CIS 1.5 (Science Section)

Brooklyn College

Professor Langsam

Assignment #6

The Genetic Code[1]

Deoxyribonucleic acid, or DNA, is a molecule that contains the instructions used in the development and functioning of all known living organisms. The main role of DNA is the long-term storage of information and it is often compared to a set of blueprints, since DNA contains the instructions needed to construct other components of cells, such as proteins and RNA molecules. DNA is a molecule in the form of a double helix (twisted-ladder) Attached to the backbone are of four types of molecules called bases – these form the rungs of the ladder. It is the sequence of these four bases along the backbone that encodes information. The four bases found in DNA are adenine (abbreviated A), cytosine (C), guanine (G) and thymine (T). RNA is similar with the base uracil (U) rather than thymine. See the figure below.

NA-comparedto-DNA_thymineAndUracilCorrected

The genome of an organism is inscribed in the DNA. The portion of the genome that codes for a protein or an RNA molecule is referred to as a gene. The genetic code is the set of rules by which information encoded in genetic material (DNA or RNA sequences) is translated into proteins (amino acid sequences) by living cells. Specifically, the code defines a mapping between tri-nucleotide sequences called codons and amino acids; every triplet of nucleotides in a nucleic acid sequence specifies a single amino acid

RNA-codons

Since there are 4 possible bases (A, C, G, T or U) and each codon consists of 3 bases there are 4³ = 64 different combinations possible with a triplet codon of three nucleotides. If, for example, an RNA sequence, UUUAAACCC is considered, there are three codons, namely, UUU, AAA and CCC, each of which specifies one amino acid. This RNA sequence will be translated into an amino acid sequence, three amino acids long.

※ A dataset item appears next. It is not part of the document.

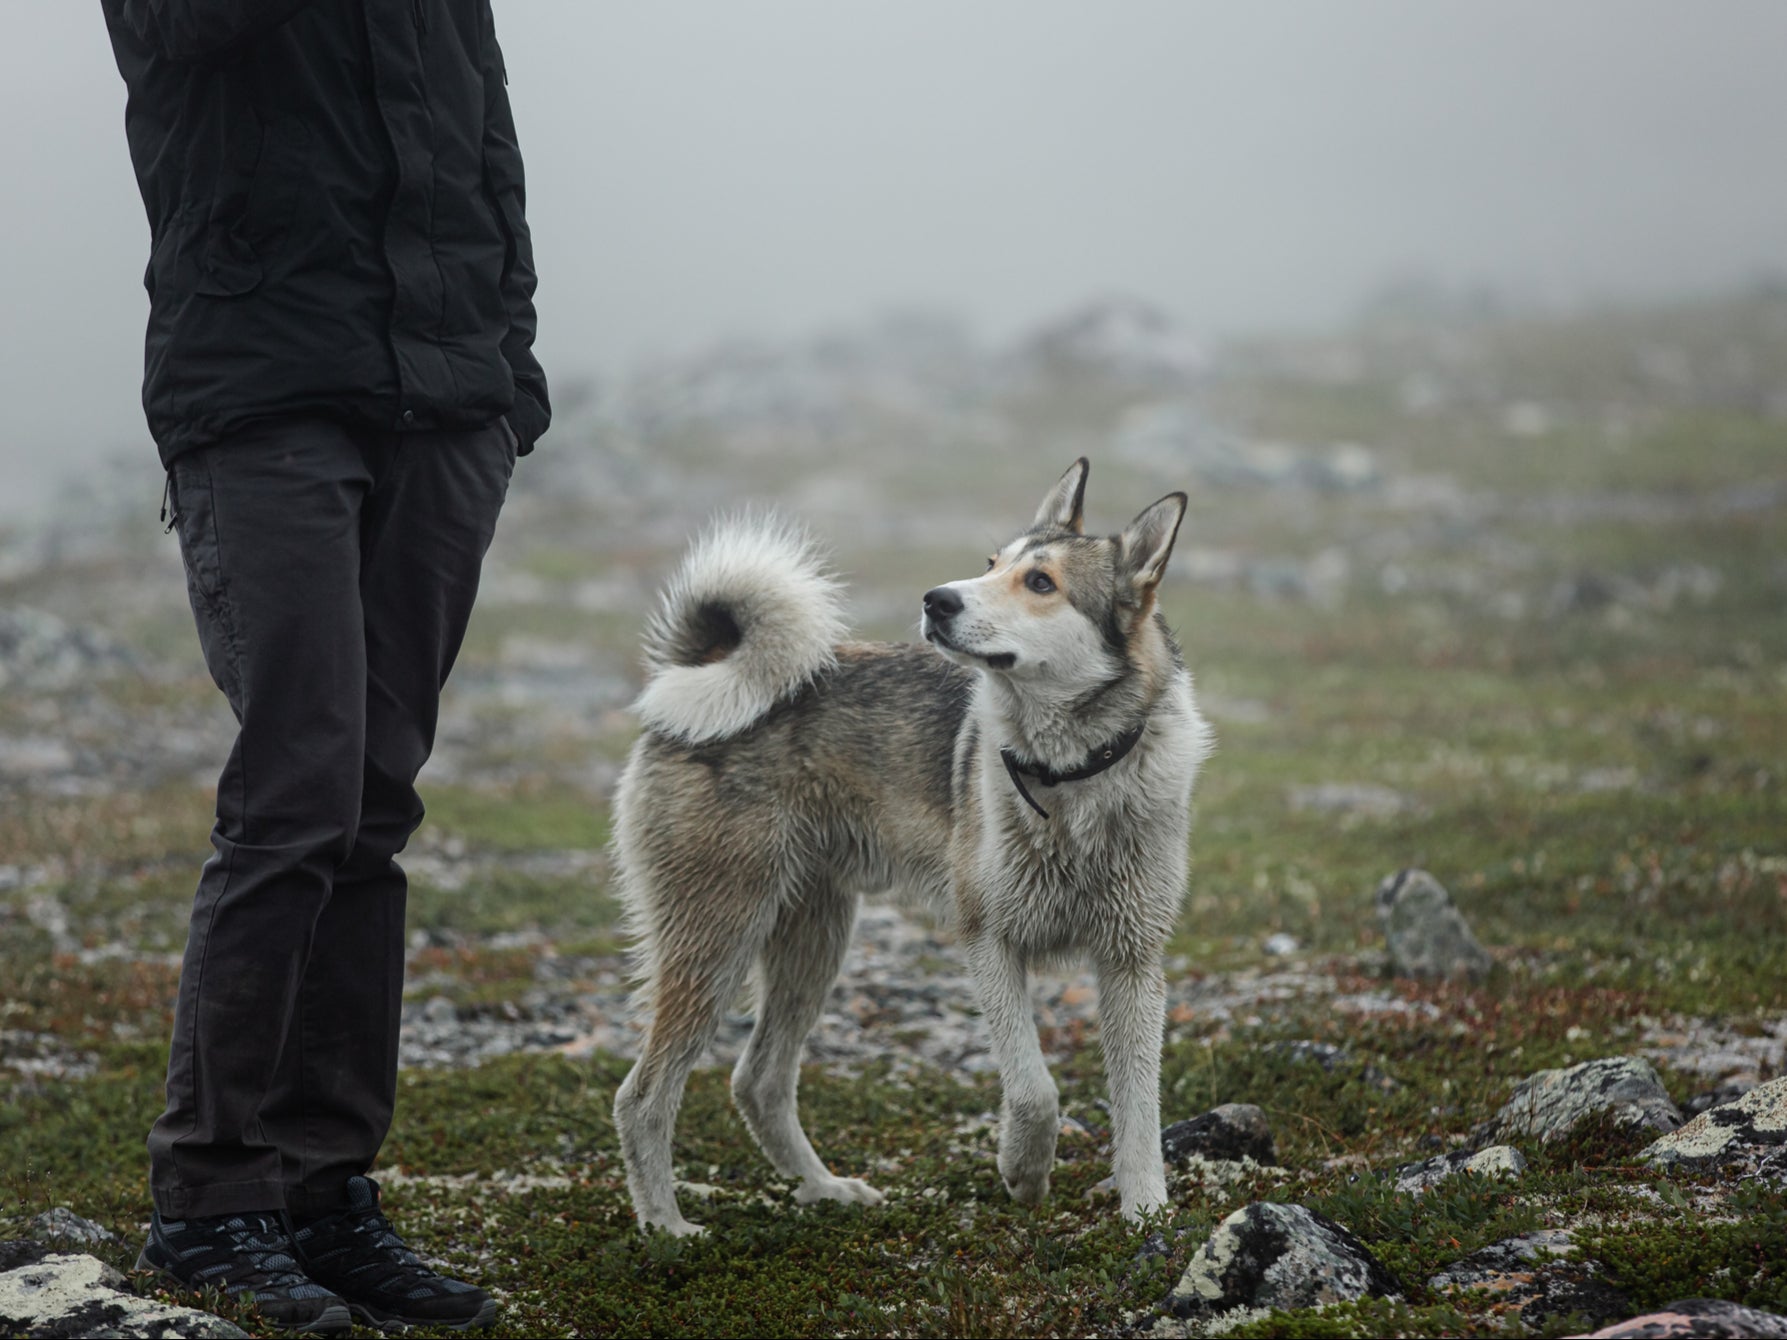 The precise origin of man’s relationship with dogs ‘remains shrouded in mystery’

The standard genetic code is shown in the following tables. Table 1 shows what amino acid each of the 64 codons specifies. Table 2 shows what codons specify each of the 20 standard amino acids involved in translation. These are called forward and reverse codon tables, respectively. For example, the codon AAU represents the amino acid asparagine, and UGU and UGC represent cysteine (standard three-letter designations, Asn and Cys respectively). Note several codons can code for the same amino acid.

Table 1: RNA Codon table - This table shows the 64 codons and the amino acid each codon codes for.

		2nd base
		U	C	A	G
1st base	U	UUU (Phe/F)Phenylalanine UUC (Phe/F)Phenylalanine UUA (Leu/L)Leucine UUG (Leu/L)Leucine	UCU (Ser/S)Serine UCC (Ser/S)Serine UCA (Ser/S)Serine UCG (Ser/S)Serine	UAU (Tyr/Y)Tyrosine UAC (Tyr/Y)Tyrosine UAA Ochre (Stop) UAG Amber (Stop)	UGU (Cys/C)Cysteine UGC (Cys/C)Cysteine UGA Opal (Stop) UGG (Trp/W)Tryptophan
	C	CUU (Leu/L)Leucine CUC (Leu/L)Leucine CUA (Leu/L)Leucine CUG (Leu/L)Leucine	CCU (Pro/P)Proline CCC (Pro/P)Proline CCA (Pro/P)Proline CCG (Pro/P)Proline	CAU (His/H)Histidine CAC (His/H)Histidine CAA (Gln/Q)Glutamine CAG (Gln/Q)Glutamine	CGU (Arg/R)Arginine CGC (Arg/R)Arginine CGA (Arg/R)Arginine CGG (Arg/R)Arginine
	A	AUU (Ile/I)Isoleucine AUC (Ile/I)Isoleucine AUA (Ile/I)Isoleucine AUG (Met/M)Methionine, Start	ACU (Thr/T)Threonine ACC (Thr/T)Threonine ACA (Thr/T)Threonine ACG (Thr/T)Threonine	AAU (Asn/N)Asparagine AAC (Asn/N)Asparagine AAA (Lys/K)Lysine AAG (Lys/K)Lysine	AGU (Ser/S)Serine AGC (Ser/S)Serine AGA (Arg/R)Arginine AGG (Arg/R)Arginine
	G	GUU (Val/V)Valine GUC (Val/V)Valine GUA (Val/V)Valine GUG (Val/V)Valine	GCU (Ala/A)Alanine GCC (Ala/A)Alanine GCA (Ala/A)Alanine GCG (Ala/A)Alanine	GAU (Asp/D)Aspartic acid GAC (Asp/D)Aspartic acid GAA (Glu/E)Glutamic acid GAG (Glu/E)Glutamic acid	GGU (Gly/G)Glycine GGC (Gly/G)Glycine GGA (Gly/G)Glycine GGG (Gly/G)Glycine

Table 2: Inverse table

Ala/A	GCU, GCC, GCA, GCG	Leu/L	UUA, UUG, CUU, CUC, CUA, CUG
Arg/R	CGU, CGC, CGA, CGG, AGA, AGG	Lys/K	AAA, AAG
Asn/N	AAU, AAC	Met/M	AUG
Asp/D	GAU, GAC	Phe/F	UUU, UUC
Cys/C	UGU, UGC	Pro/P	CCU, CCC, CCA, CCG
Gln/Q	CAA, CAG	Ser/S	UCU, UCC, UCA, UCG, AGU, AGC
Glu/E	GAA, GAG	Thr/T	ACU, ACC, ACA, ACG
Gly/G	GGU, GGC, GGA, GGG	Trp/W	UGG
His/H	CAU, CAC	Tyr/Y	UAU, UAC
Ile/I	AUU, AUC, AUA	Val/V	GUU, GUC, GUA, GUG
START	AUG	STOP	UAG, UGA, UAA

Proteins are large organic compounds made of amino acids arranged in a linear chain. The sequence of amino acids in a protein is defined by a gene and encoded in the genetic code. Proteins are essential parts of organisms and participate in every process within cells.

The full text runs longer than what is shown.